# What is your sharpening regimen?



## vic cardenas (Nov 11, 2012)

I thought I'd start a thread where everybody can share their regimen for sharpening their kitchen knives.

What type of equipment do you use and how do you use it? 

Feel free to add what type of knives are you using these for and a schedule, if any.

Any future improvements planned? 

Right now I have...

DMT Duosharp 600 (fine) and 1200 (x-fine). I mainly use the 600 (not fine IMO) for setting a bevel. I use the 1200 side more often but just for touching up a worn edge. 

Arashiyama 6000 as my fine stone. I really love this stone because it's so versatile. You can use it as a splash-and-go and it tends to act like a true 6000 grit like this. If I give it a 10 minute soak I can put a much better polish on the blade. If I soak it and then scrub it to build up a lot of mud it puts a really fine polish and is more like an 8000 grit. So, really I can use this 3 different ways. This stone really is a joy to use and I do most of my work on this and this only after the strop!

Idahone Ceramic Rod Hone. I use this just for a few touch ups every now and then. I tend to use this much less than I originally intended to use it. It's nice for a "quickie".  

Hand American Split Leather Strop loaded with Chromium Oxide. I use this just about every day to put a killer polish on my edges and to do quick touch up hones. After this final stage of mine, I can do all the "sharp tricks" you see guys doing on the internet, like cutting the top of a tomato off slowly without touching it. If you're not stropping, I highly suggest looking into it. 

In the future I'm planning on upping my stone collection and trying a few different strop compounds and leathers. I'm thinking I'll buy a Kitayama 8000 soon. I hear this will get me up to 12000 grit like edges. It sounds a lot like my beloved Arashiyama in the fact that it's multi useful like that. I'd also like to get a few more lower grit stones to replace the duosharp. The more I use that thing, the less I like it. 

Feel free to share what type of equipment you use. This is a chef forum, not a knife nut forum, so I'd like to hear all the various ways people are getting their edges. If you just use a chef's choice, or some machine, don't be embarrassed to share. If you use only the finest jnats, I'd love to hear about them too! Anything in between that, including rubbing your knife on a special rock in your backyard, share this too!

(When I lived in Brazil, the furnished apartment I rented came with a terrible knife. I used the ceramic kitchen counter top to sharpen it so I could actually use it!)


----------



## ordo (Mar 19, 2009)

Hey VC. My to go equipment used to be this:

Wet-dry sandpaper to flatten stones over a granite slab.

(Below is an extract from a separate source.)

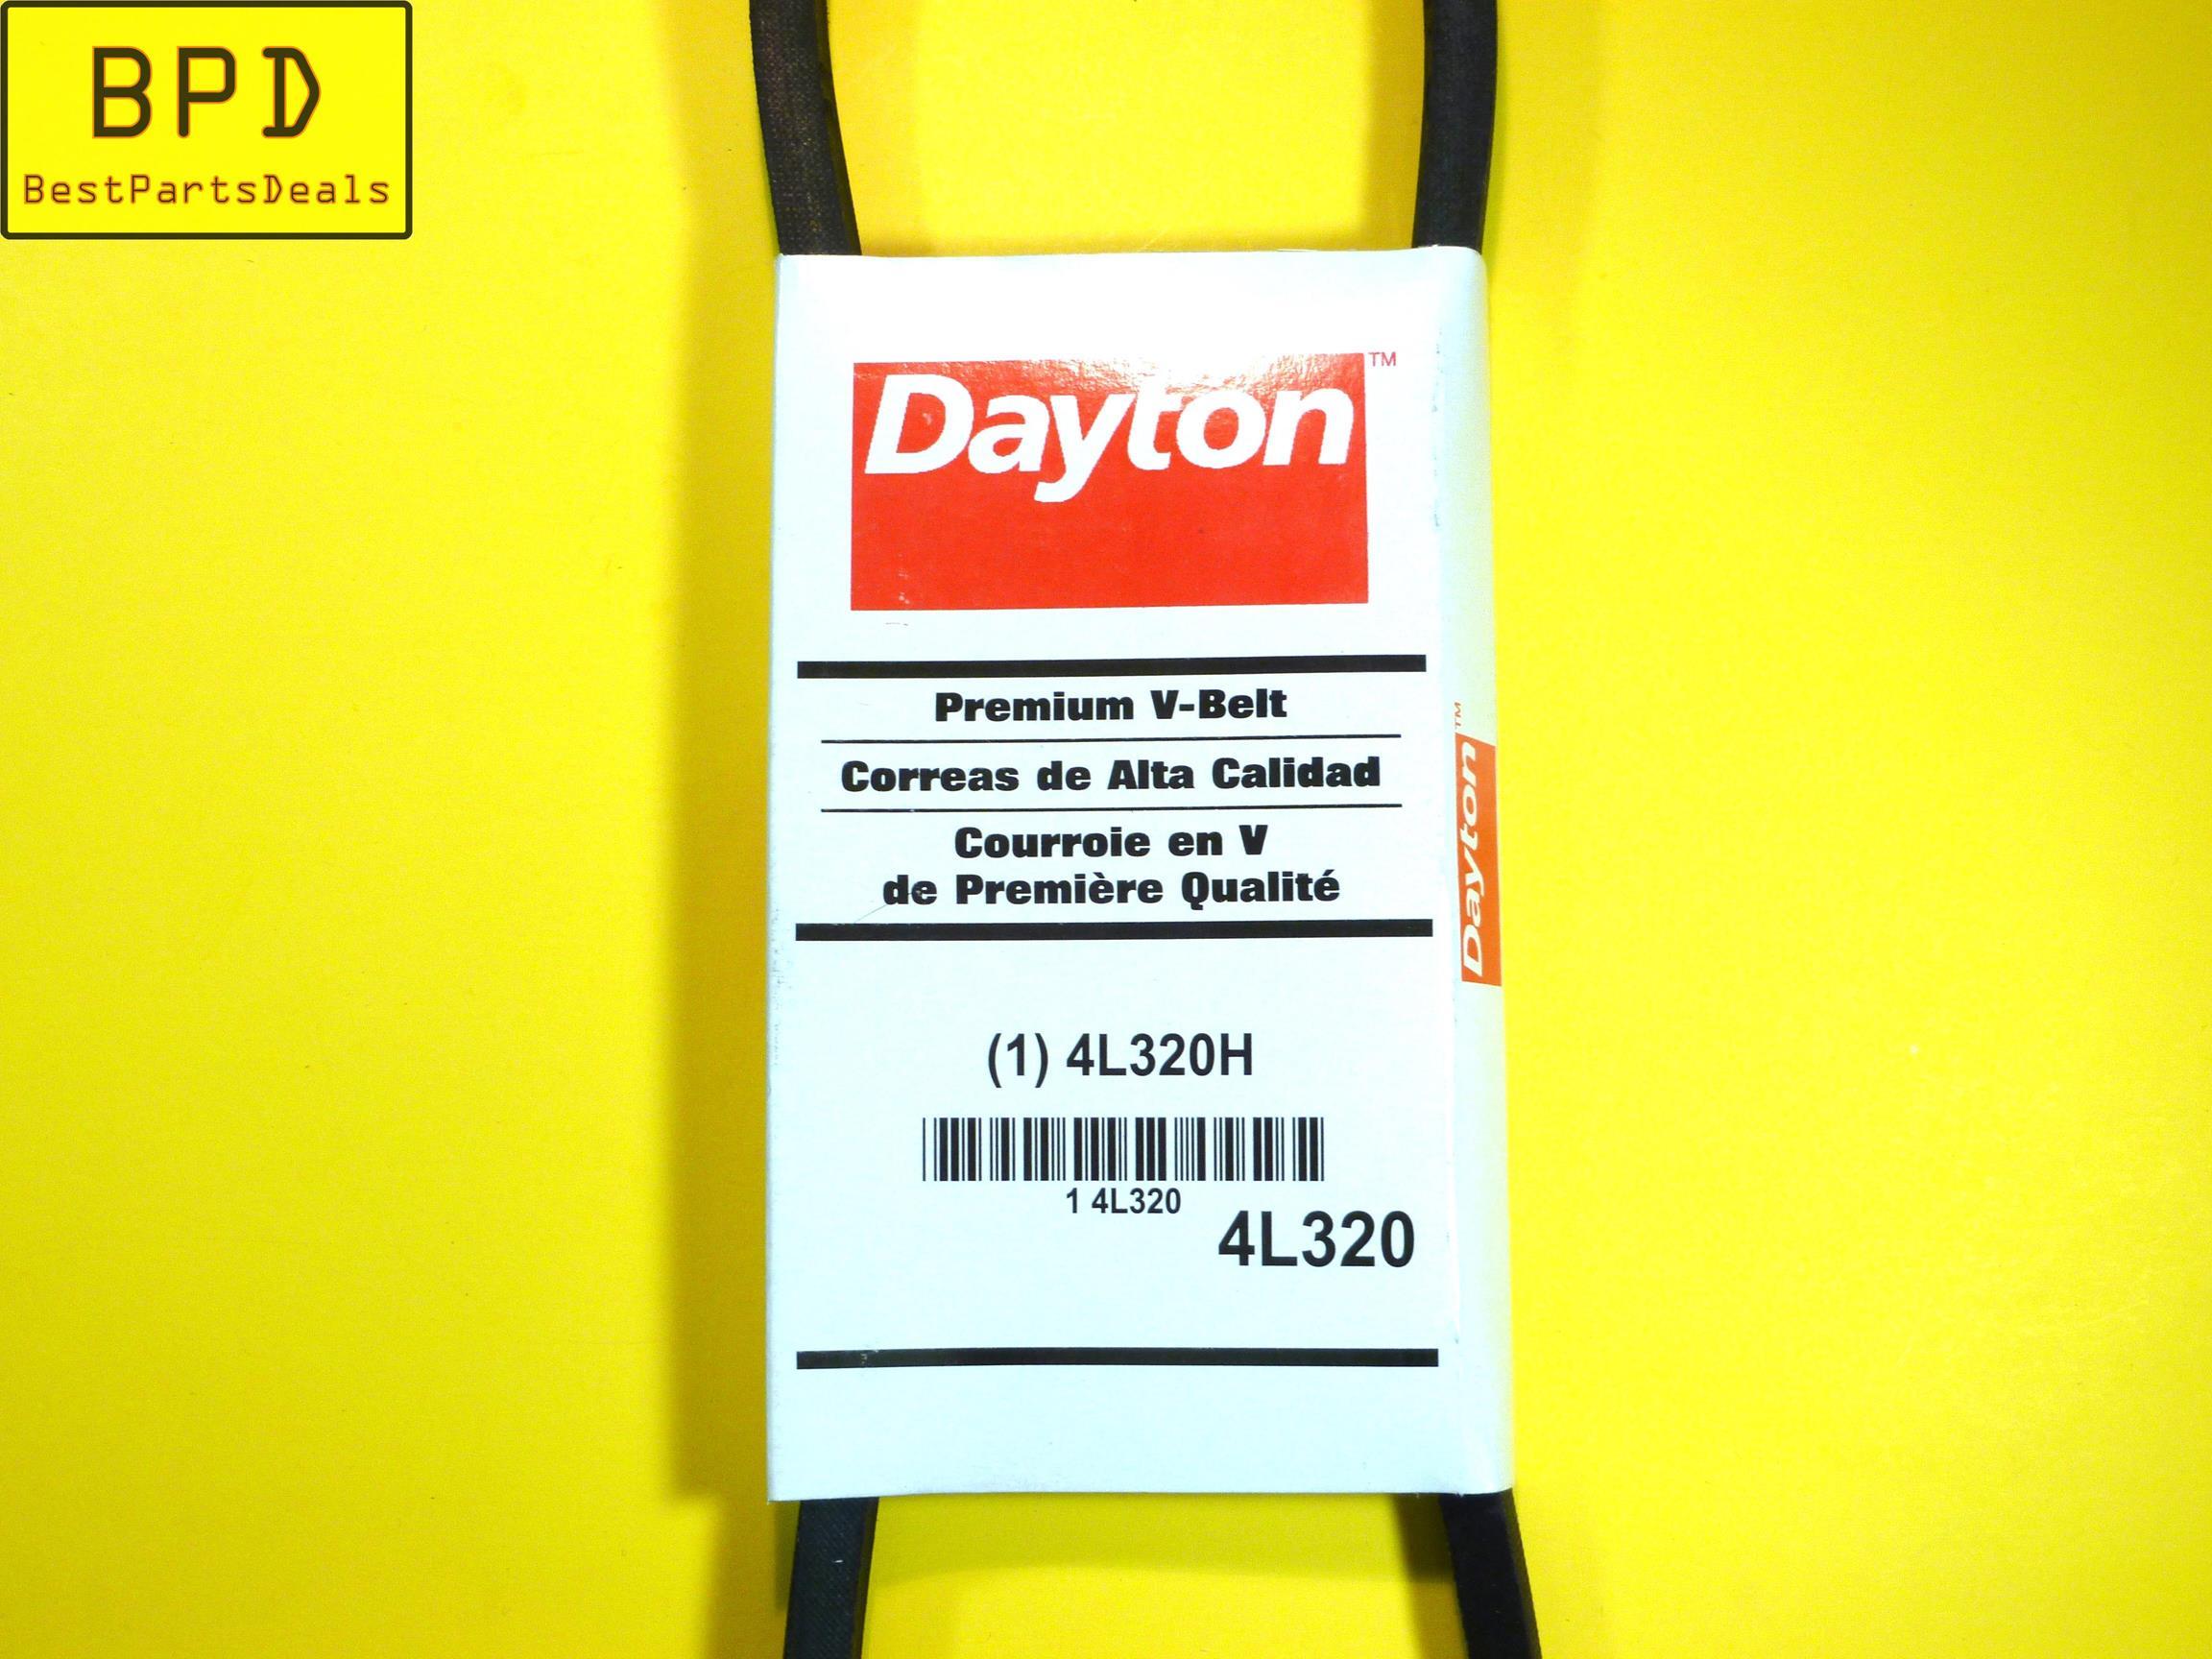 variable pack EU origin ID x cross,mm O-ring material 74 x 2 DIN 3770

Local natural water stone about #400 (rarely used)

Local natural water stone about #900 (rarely used)

Bestone #500.

Bester #1200.

Shapton Glass stone #1000.

Naniwa SS #1000.

Naniwa SS #5000.

A chromium loaded leather on glass strop.

Suddenly i felt I was wasting a lot of time sharpening for no good so i changed my mind and now I'm more into cooking. This is what i actually use:

Bester #1200 (or Glass stone #1000 while traveling).

Eventually strop.

That's it.


----------



## davehriver (Jan 13, 2012)

I use Spyderco Triangle sharp makers every time my knives need a touch up.  I use the white(fine) stick instead of a steel.  I believe they are 3000 grit or finer.  When I need ( very rare) more I use Western stones followed by the Spyderco


----------



## dhmcardoso (Apr 29, 2013)

Here is my arsenal:
XXL DMT for Stone flat and havy tasks (just used on The stones though)
250 (just used on The otb knives to set up The bevel as I like) and 400 king;
Chosera 1k, 3k, 6k and 10k
Balsa strop on Cr oxide;
Bare leather strop.


----------



## excelsior (Sep 18, 2013)

So far I have used the Chef's Choice on my Victorinox Forschner 8" Chef's knife with good results, but it's a 20° bevel and that just won't do for the Japanese gyuto I recently bought which has a 15° bevel. By the way just as an aside, if you're in windows and want to make a degree symbol, hold down ALT while typing 248 on your numeric keypad.

Back to sharpening, while I could get a Chef's Choice with 15° bevel ability, I'd rather take a different path to sharpening this time. I'm thinking of getting this:

It's the AGPtek sharpener. You can pretty much select what angle you want and it will stay at that angle as you sharpen. Though the reviewers prefer to get some after market better sharpening stones for it. It's only $25 as compared to Edge Pro which does the same thing but costs about 10 times as much.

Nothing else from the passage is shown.